A Strengthened, Published Wells Process
The report urges FINRA to formalize and publish enhanced Wells procedures to bolster due process and transparency. The suggested enhancements include reverse proffers and other “open jacket” practices, more meaningful explanations of Staff’s factual and legal theories, access to on-the-record testimony transcripts and exhibits upon issuance of a Wells notice, a minimum 30-day response period absent extraordinary circumstances, attendance by senior Enforcement personnel at Wells meetings, and post-Wells meetings with Enforcement leadership. FINRA recently implemented a 30-day minimum Wells response period.
Earlier Engagement at the Time of Referral
Another recommended change is more substantive engagement when a matter is referred to Enforcement. Respondents would receive written notice of the referral, the names and roles of assigned Enforcement Staff, the nature of Staff’s concerns, and the potential violations that prompted the referral.
The authors also propose a structured opportunity for firms to present their views before the enforcement matter begins to take final shape. This builds on changes FINRA has already started to make, including introductory meetings with assigned Staff at the outset of Enforcement matters and an additional meeting near the conclusion of an investigation before formal charges are proposed where member firms can provide their views of the facts and evidence.
Reworked Cooperation Credit
The authors also call for updated, published guidance on cooperation credit. In particular, they recommend clarifying that cooperation need not be “extraordinary” to receive credit and that credit should not automatically be unavailable simply because a firm had a self-reporting obligation or undertook remediation that could be viewed as expected or routine. FINRA has already committed to issuing clarifying guidance for cooperation credit and remediation.
They also urge greater transparency around how cooperation credit is awarded, including fuller explanations in letters of acceptance, waiver, and consent (AWCs).
Reduced Duplication With Other Regulators
The report encourages FINRA to update its policies and procedures to avoid duplicative enforcement efforts where another regulator, such as the SEC, Commodity Futures Trading Commission, Financial Crimes Enforcement Network, Department of Justice, or a state regulator, is pursuing similar conduct and a FINRA action would not add meaningful incremental value.
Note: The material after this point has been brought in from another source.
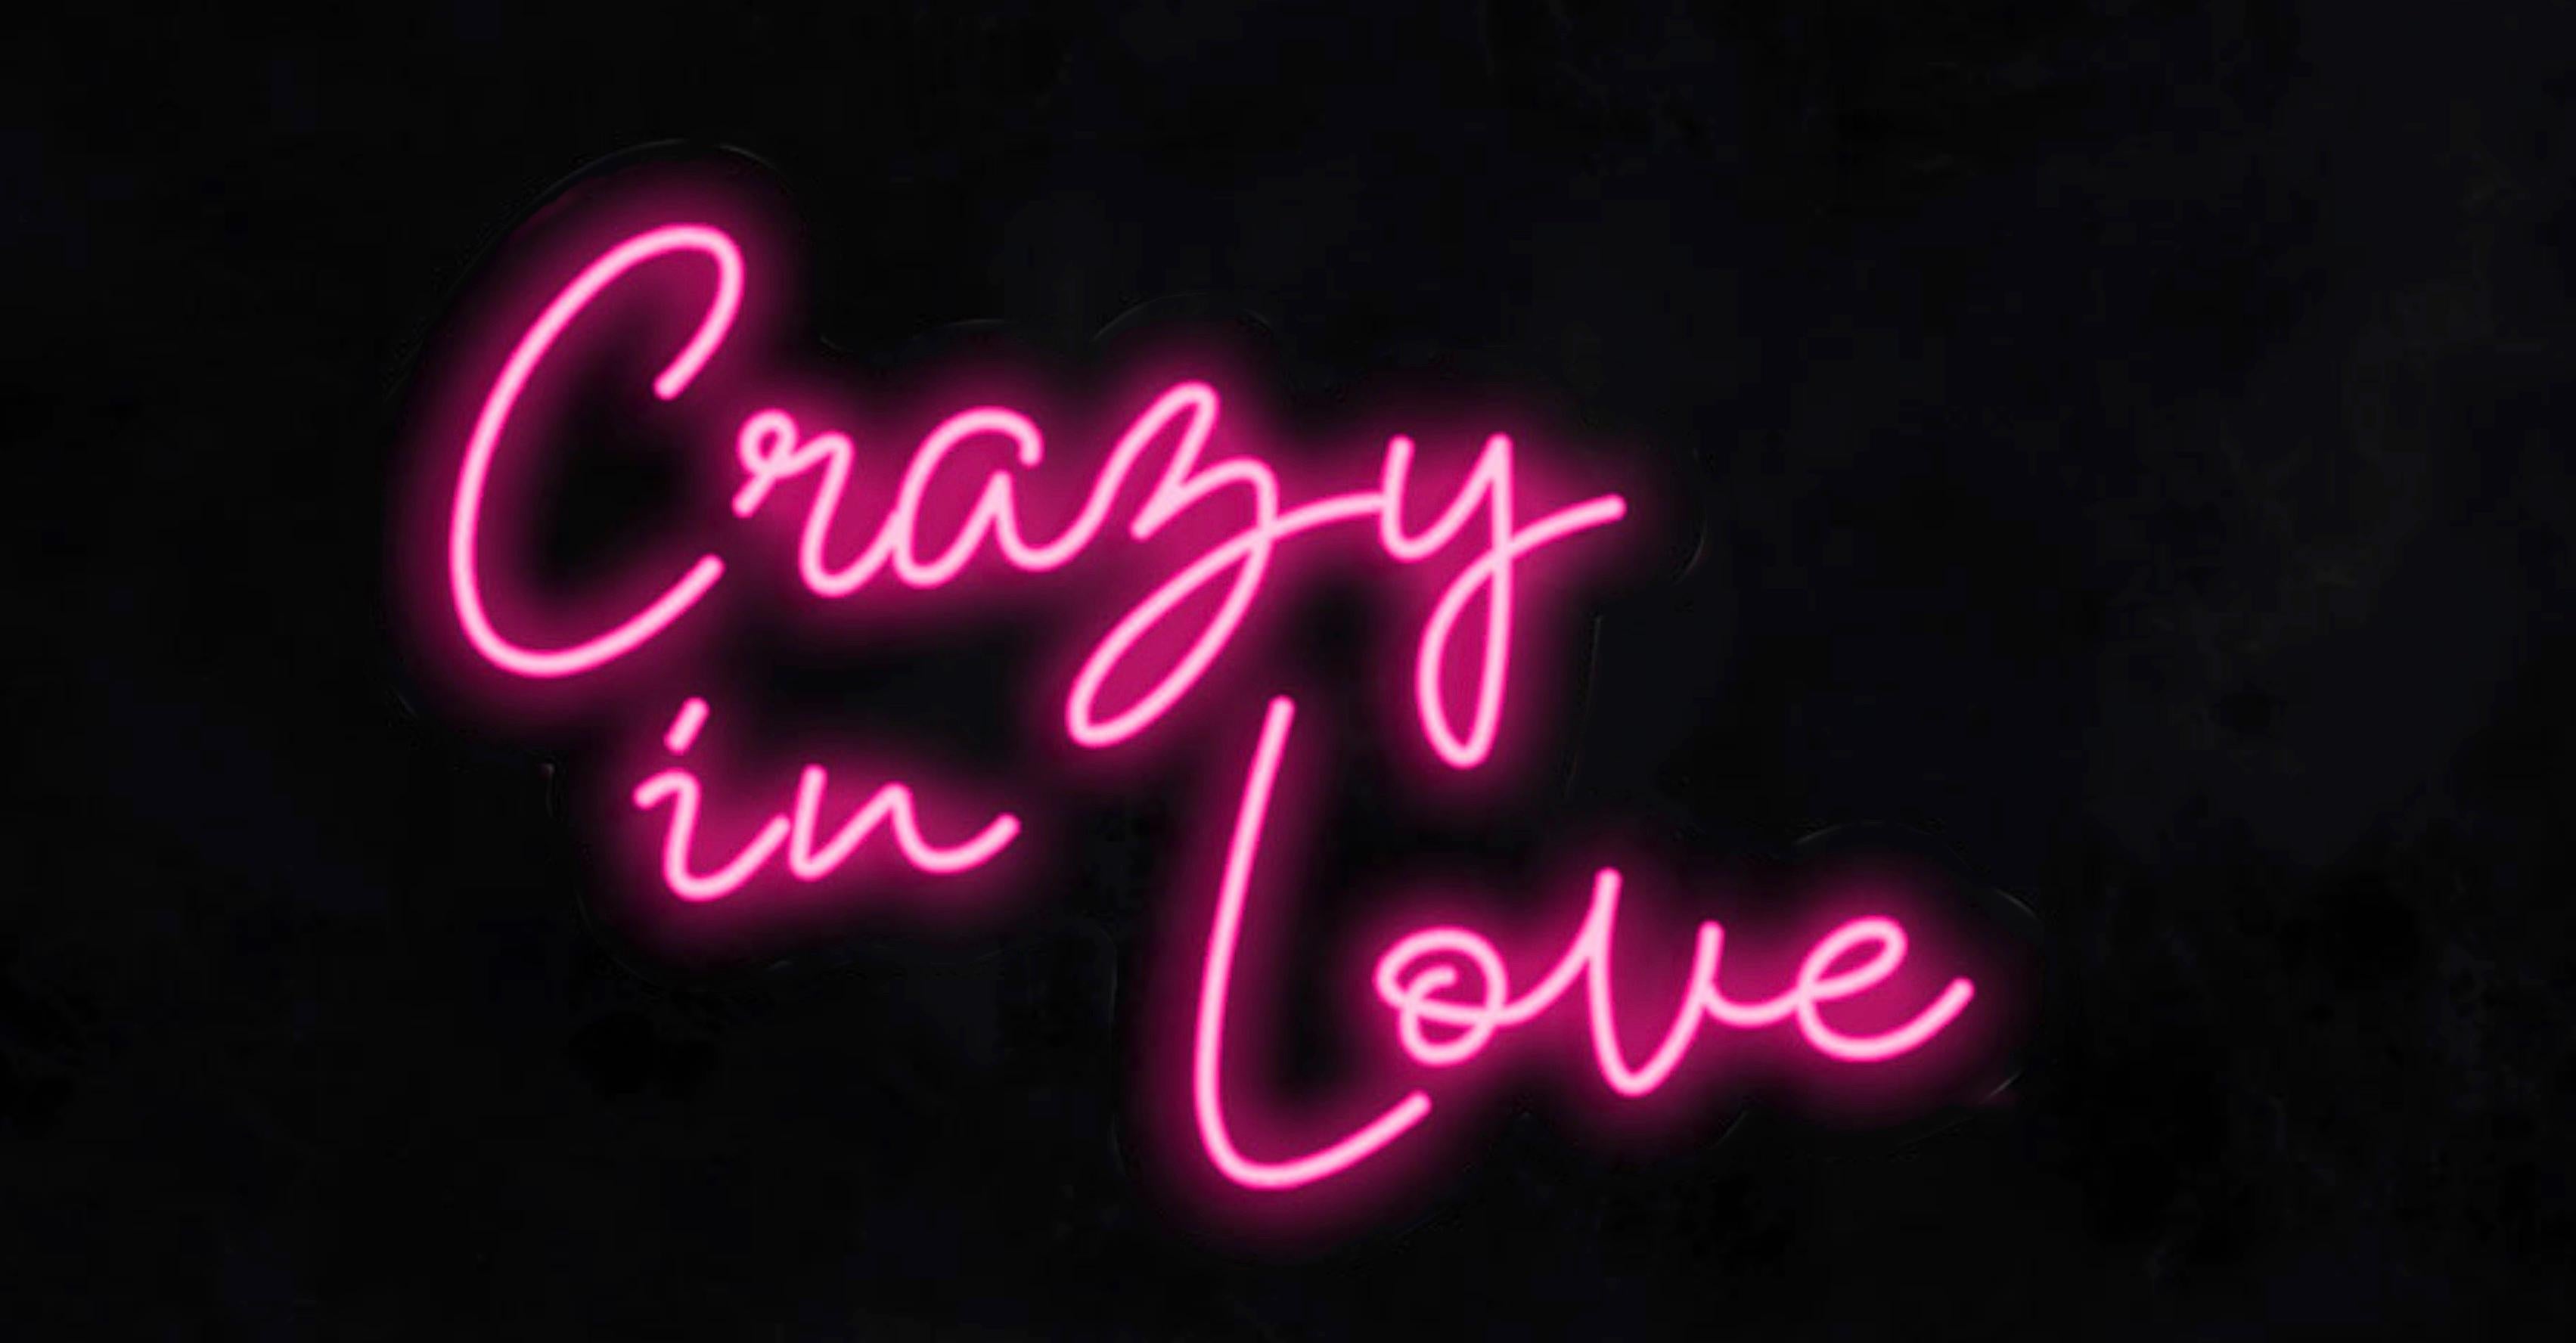 Mary Jo McGonagle Figurative Sculpture - crazy in love - neon art work
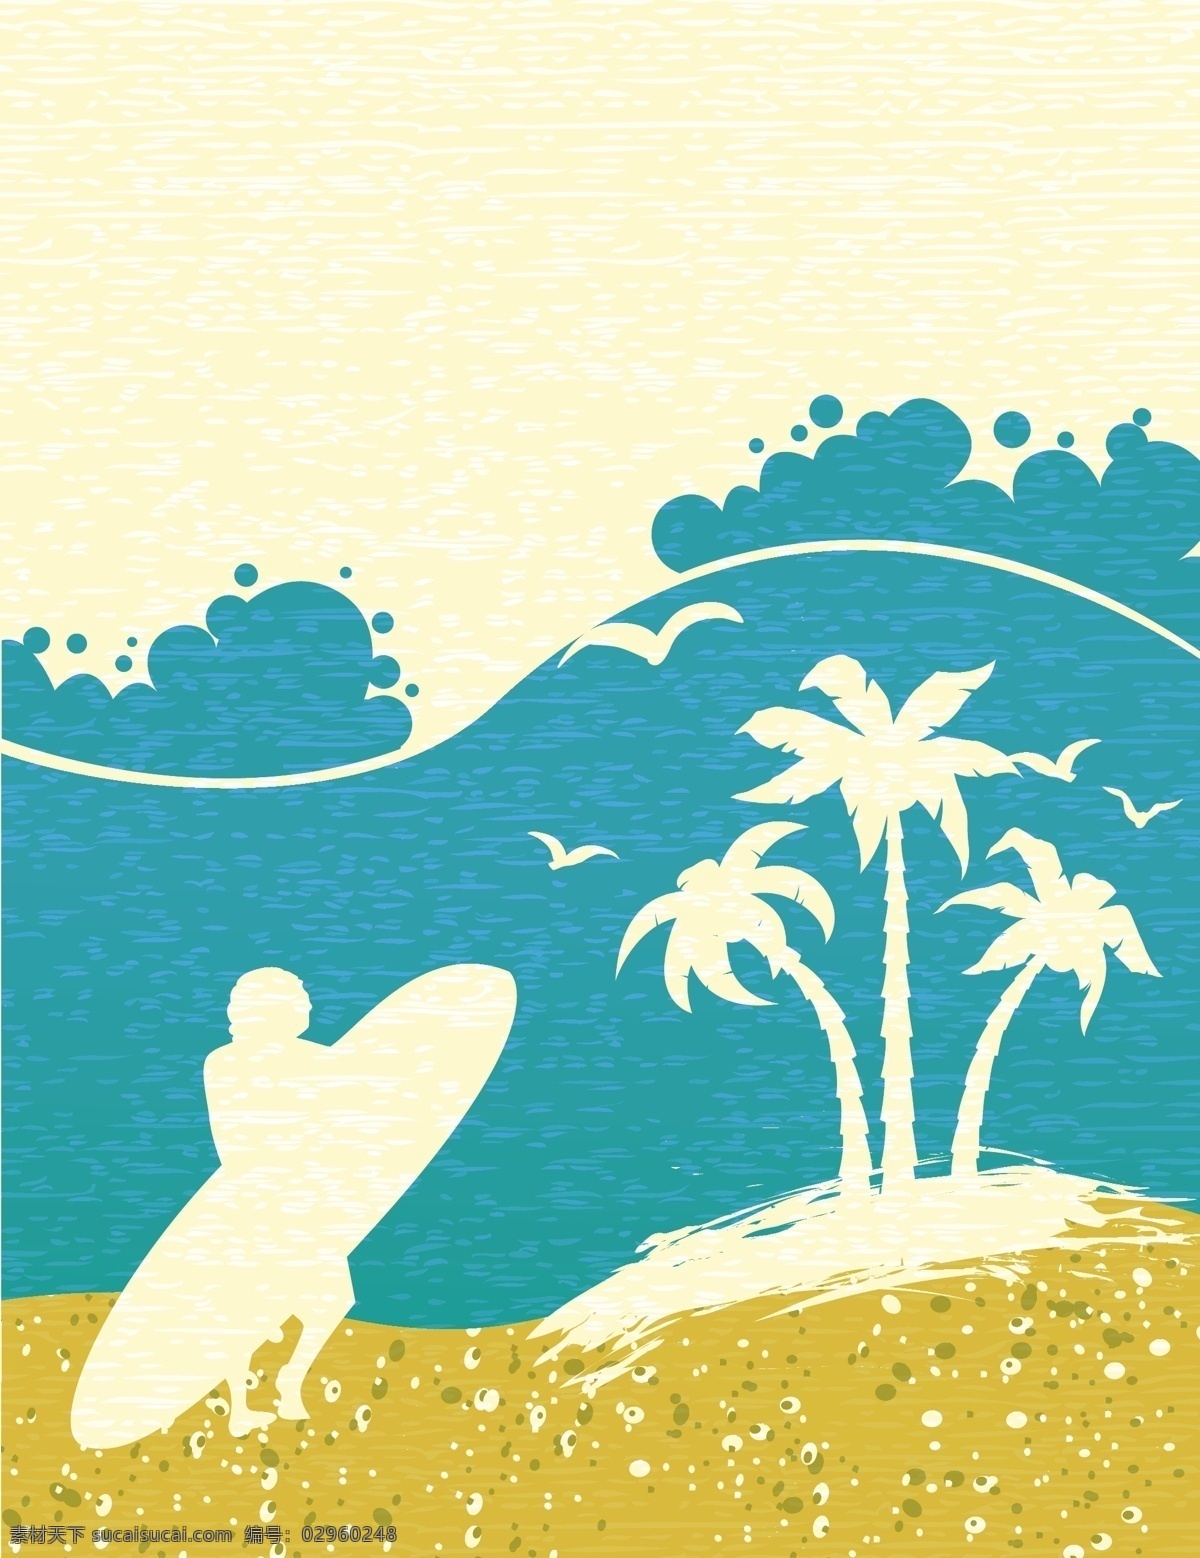 卡通 夏日 海边 背景 夏日海边 椰子树 海浪 人 冲浪板 沙滩 夏日素材 背景素材 其他模板 矢量素材 底纹边框 白色

Settlement and Sanctions Discipline
Several recommendations address settlements, sanctions, and informal resolutions. These include consistent application of the Sanction Guidelines to settlements, documentation and approval of departures from those guidelines, fuller context in AWCs, and an opportunity for respondents to include mitigating information in a way that helps readers understand the conduct and sanctions.
The report also proposes expanding FINRA’s Minor Rule Violation (MRV) Plan to cover additional rules and increasing MRV fine levels, so that more matters — particularly technical or administrative violations without investor harm — can be resolved efficiently. Additionally, the report recommends advance discussion of Cautionary Action Letters, a change FINRA recently implemented, and additional process around draft MC-400A membership continuance applications where contemplated settlements with other regulators may trigger statutory disqualification issues.
What This Means for Firms
FINRA has signaled a measured, multistage approach to implementation, and some changes may fold into its broader Regulatory Operations restructuring. But the direction of travel is clear: more procedural protection, more transparency, and a self-regulatory posture oriented toward resolving compliance issues more efficiently.
Firms and individuals with active or anticipated FINRA matters should watch closely for how these recommendations are implemented and consider how they may affect engagement strategy, information-request responses, Wells submissions, cooperation credit, and resolution discussions.